Office-based treatment with buprenorphine has the potential to significantly increase access to treatment for OUD (Saloner, Stoller, & Alexander 2018). The Drug Addiction Treatment Act (DATA) of 2000 created a program of waivers for qualified physicians to prescribe buprenorphine for OUD in the office-based setting, outside of federally-registered opioid treatment programs. Until 2016, DATA-waivered physicians could treat up to 30 patients at a time during the first year of the waiver and could increase the limit to 100 patients after one year. In 2016, a regulatory change expanded these limits by allowing physicians to increase their patient limit to 275 (after a year at the 100-patient limit), and the Comprehensive Addiction and Recovery Act included a provision that permitted nurse practitioners and physician assistants to obtain a DATA-waiver after completing certain training requirements. The Substance Use Disorder Prevention that Promotes Opioid Recovery and Treatment Act of 2018 further expanded waiver access to other mid-level providers, such as certified midwives.
Despite these efforts, little is known about how changes in patient capacity among buprenorphine waivered providers relate to prescribing of buprenorphine and other opioids at the county-level. This is an important gap because although research has generally found a positive correlation between the number of providers with a waiver and the number of buprenorphine prescriptions (Dick et al. 2015), not all waivered providers prescribe to their maximum patient limit (Stein et al. 2016). Further motivation for this study lies in the evidence that the availability of waivered providers varies substantially across counties, especially in rural counties where many of them lack even one waivered provider (Ghertner 2019). Understanding how increases in county-level buprenorphine patient capacity correlates to changes in buprenorphine and opioid prescribing is important to understand the public health impacts of expanded access to buprenorphine waivered providers.
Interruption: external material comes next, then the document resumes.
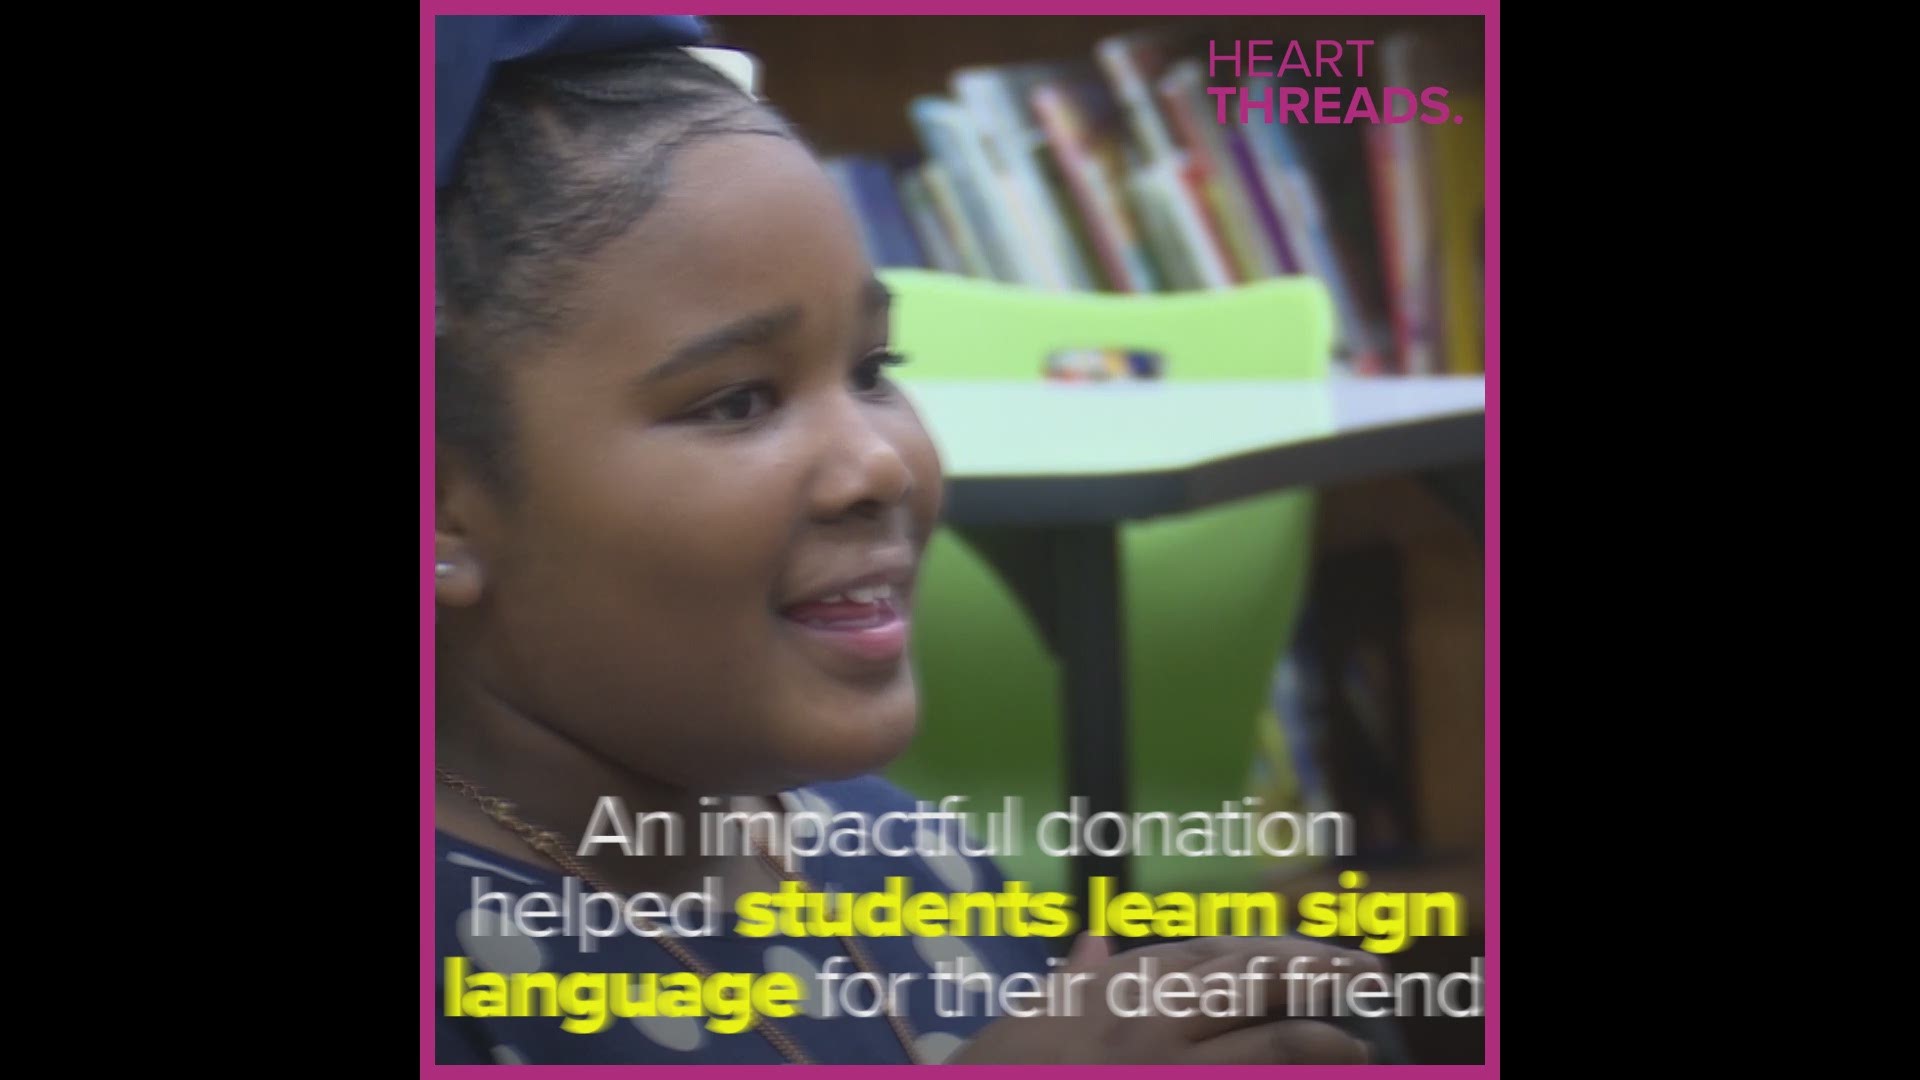 Serenity, who is deaf, had difficulty communicating with her classmates. But that's changed, now that her classmates have learned some sign language.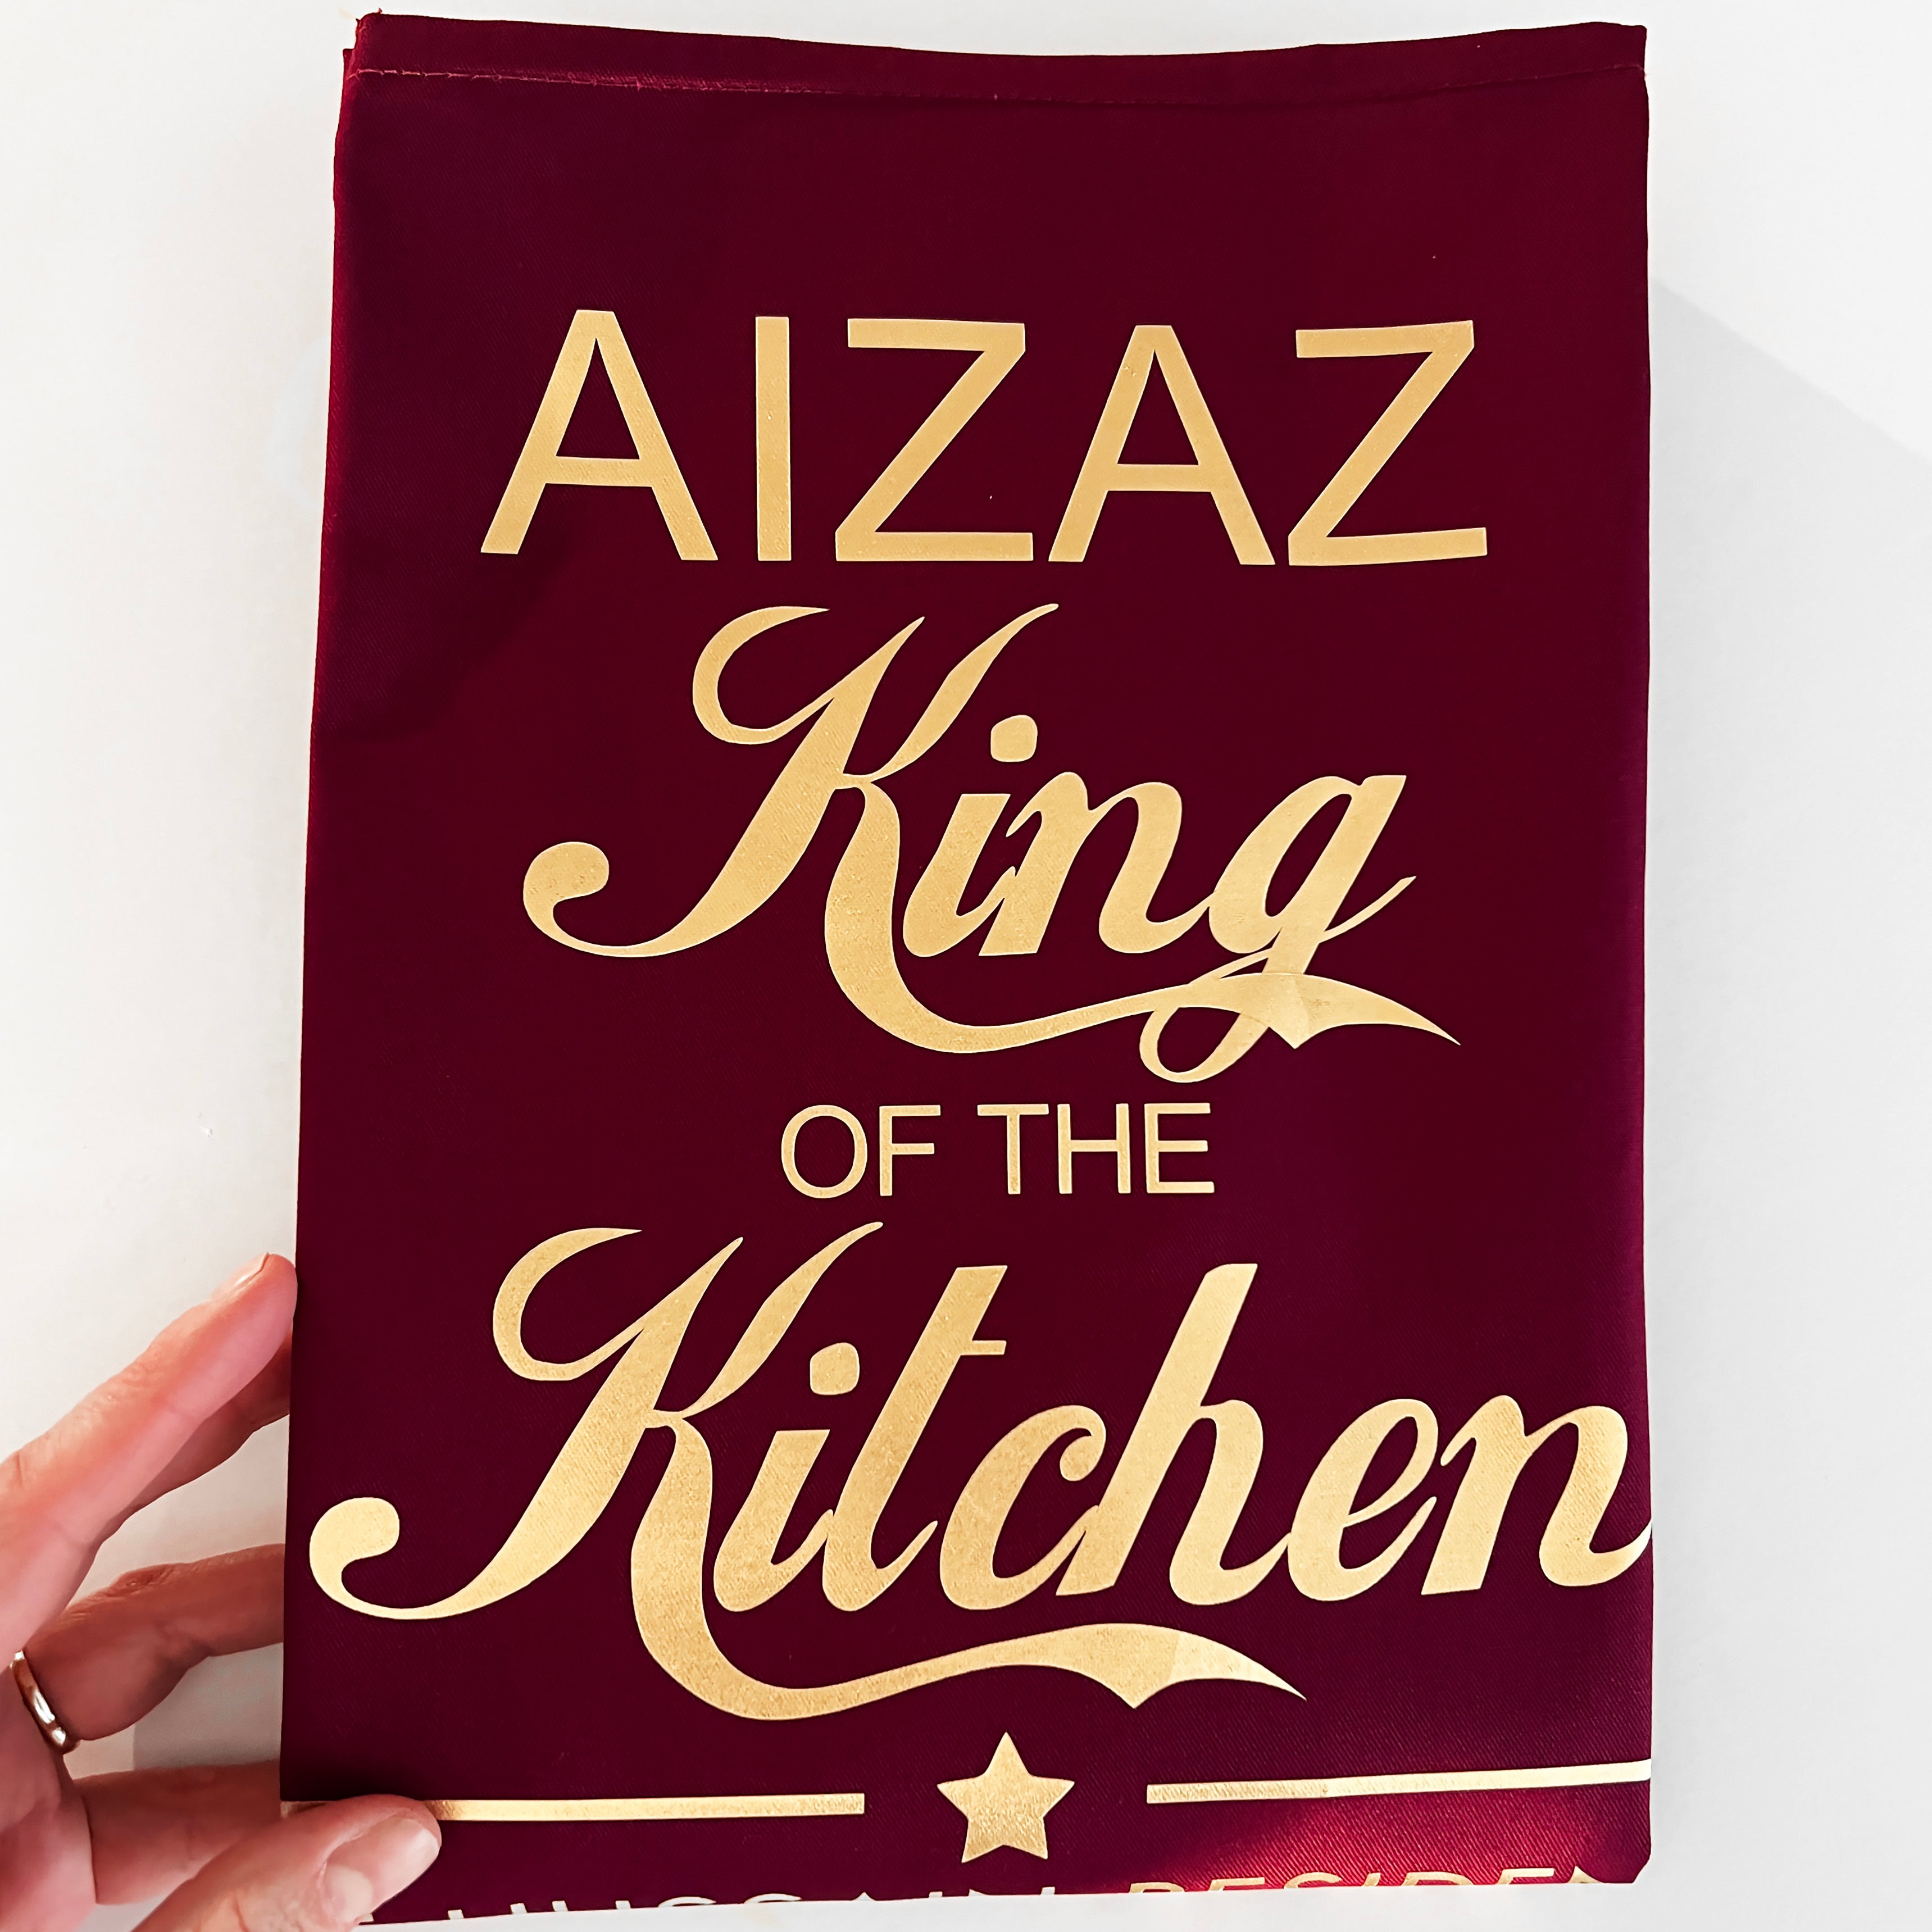 Personalised King Of The Kitchen Apron

This study uses statistical methods to identify how changes in total buprenorphine treatment capacity predict changes in buprenorphine and non-buprenorphine opioid prescribing. The study focuses on nine states with complete data: California, Idaho, Kentucky, Louisiana, Ohio, Texas, Virginia, Washington, and West Virginia. Details on data sources and analytic methods can be found in the Appendix, along with detailed statistical output.
Increases in Buprenorphine Treatment Capacity Predict Increases in Buprenorphine Prescribing and Decreases in Other Opioid Prescribing
From 2016 to 2017, 48% of counties in our sample experienced an increase in buprenorphine patient capacity. The mean increase in capacity was 0.25 patients per 100 residents. At the same time, counties on average experienced a 8.0% decrease in non-buprenorphine opioid prescribing, and a 9.4% increase in buprenorphine prescribing.
In general, increases in buprenorphine patient capacity predicted increases in buprenorphine prescribing. As seen in Table 1 reports, on average increases in buprenorphine capacity of 1 patient per 100 residents predicted a 3.9% increase in buprenorphine prescribing. The relationship appears to be driven by metropolitan counties, where a capacity increase of 1 patient per 100 residents predicted a 6.4% in buprenorphine prescribing. We found no statistically significant relationship between buprenorphine prescribing and patient capacity in non-metropolitan areas.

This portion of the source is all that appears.